Was nützen dem Musiklehrer z.B. die schönsten pädagogischen Eigenschaften eines CD-I-Systems, wenn er nicht weiß, ob sich die Norm durchsetzt, ob also langfristig ein zufriedenstellendes Angebot an Software zur Verfügung stehen wird, und ob beim ersten Schaden nach Ablauf der Garantie der Händler nicht längst auf Videospiele umgesattelt hat und bedauernd auf den Hersteller in Japan verweist?

Getreu dem Grundsatz, daß das Bessere der Feind des Guten sei, verfährt auch die Hard- und Software-Industrie. Neue Rechnertypen, aus marktstrategischen Gründen als ultimative Knüller hochgejubelt, werden nach einigen Jahren als überholte alte Kisten belächelt. Der Benutzer, der begrenzte und genau umrissene Anforderungen an seine Hard- und Software hat, die sich auch im Verlauf von zehn Jahren nicht entscheidend ändern, und der über diesen Zeitraum seine Anlage störungsfrei bzw. mit zufriedenstellendem Support betreiben will -, nicht mehr und nicht weniger - scheint in den Gedankengängen der Entwickler und den Prospekten der Hersteller kaum vorzukommen - aus naheliegenden Gründen ("An diesem Programm haben wir leider die Produktpflege eingestellt"). Fortschritt kehrt sich aber in sein Gegenteil um, wenn er sich nicht mehr am Benutzer orientiert, dem alle Neuerungen angeblich zugute kommen sollen.

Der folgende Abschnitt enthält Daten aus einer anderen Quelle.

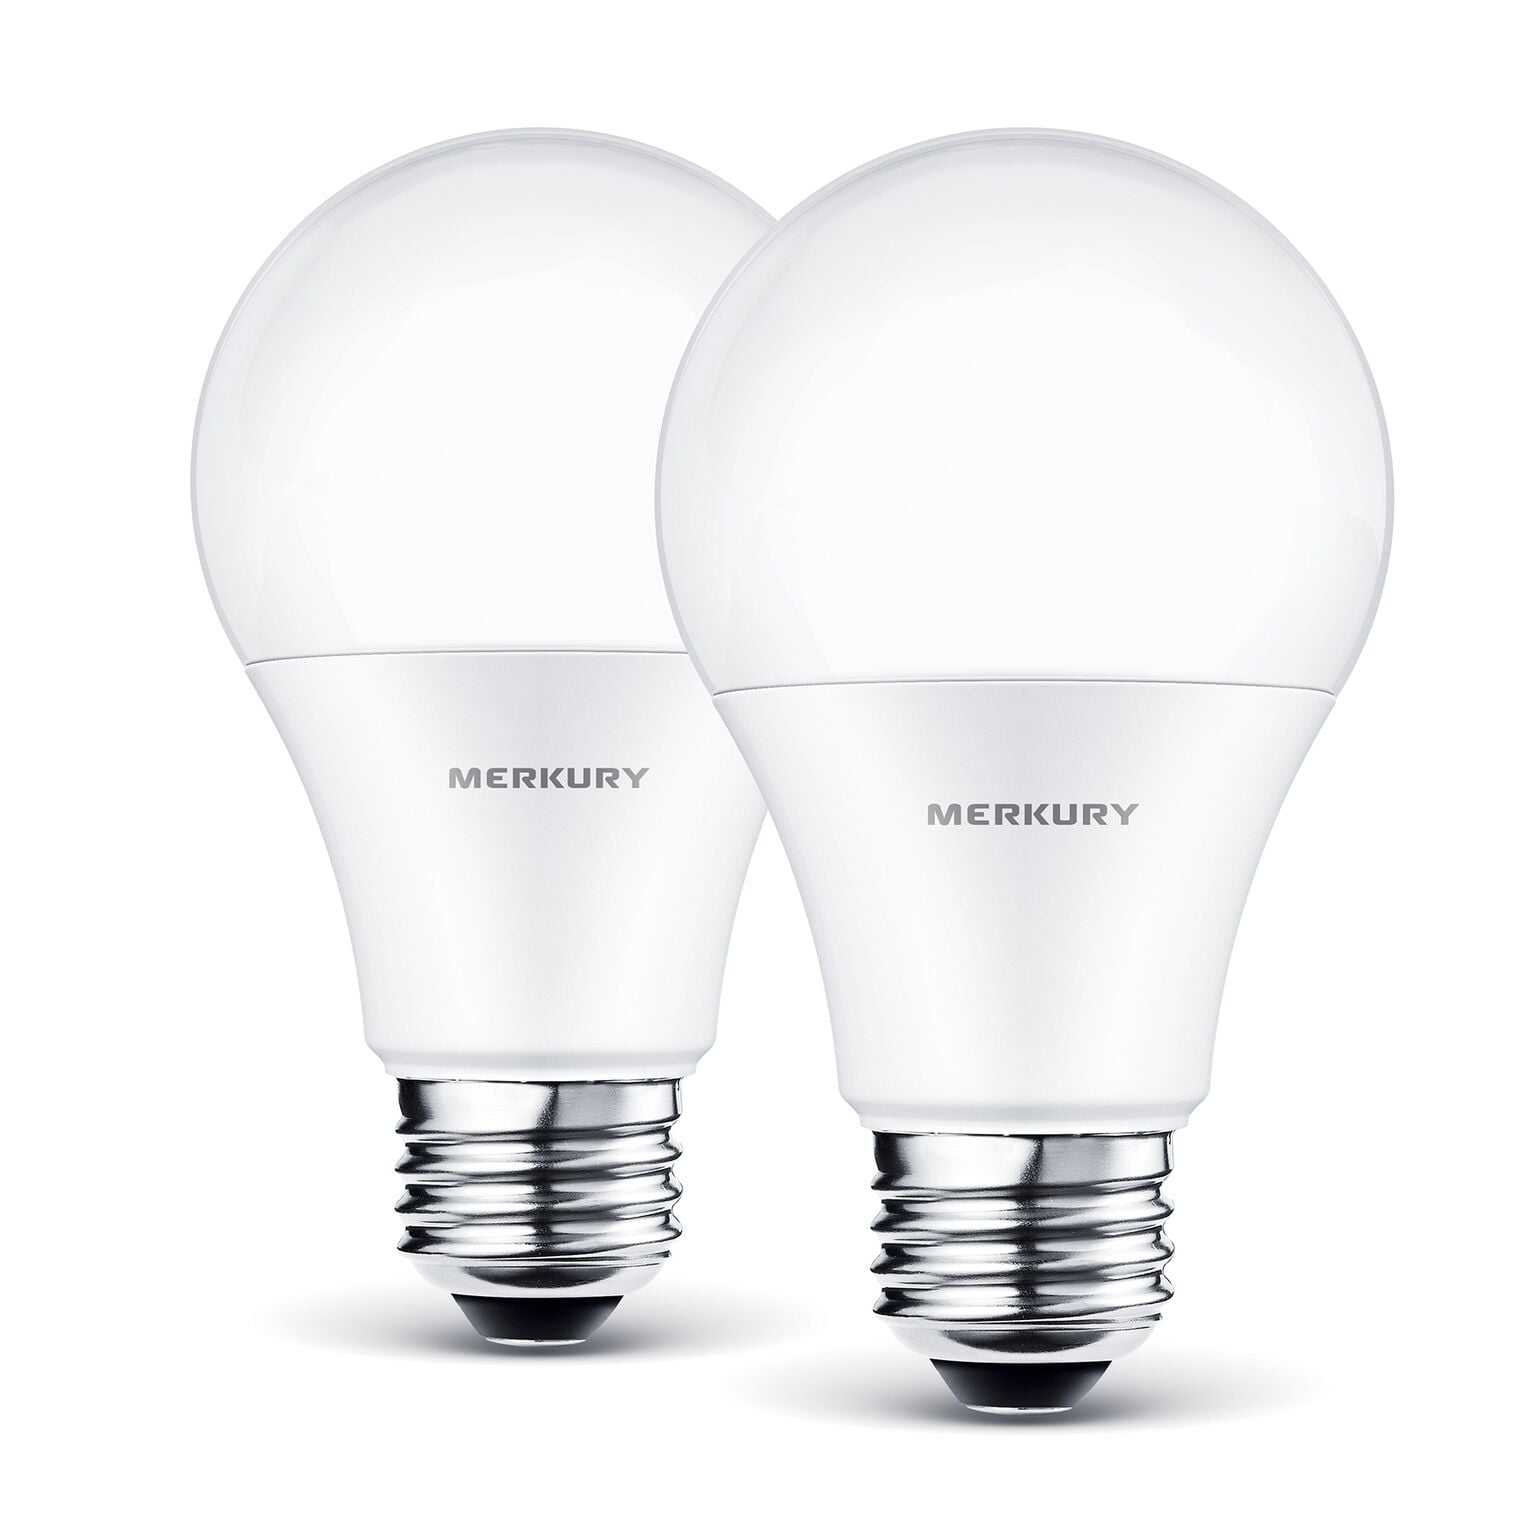 Merkury Innovations A19 Smart Light Bulb, 60W Dimmable White LED, 2

Das Dilemma liegt bei einem so jungen Bereich der technischen Entwicklung, wie es die Computertechnologie ist, vielleicht in der Natur der Sache: echte Innovatoren dürfen nicht nur nach der direkten Anwendbarkeit schielen. Gerade darum sei aber an dieser Stelle an Sie, die Musikpädagogen, appelliert, ihre Interessen zu artikulieren und sich angebliche Marktzwänge der Hersteller und Entwickler nicht zur Richtschnur pädagogischer Entscheidungen machen zu lassen. Nicht alles technisch Machbare ist pädagogisch sinnvoll, und in den Disziplinen Kontinuität, Geduld und langer Atem können Programmierer und Hersteller noch eine Menge von Ihnen lernen.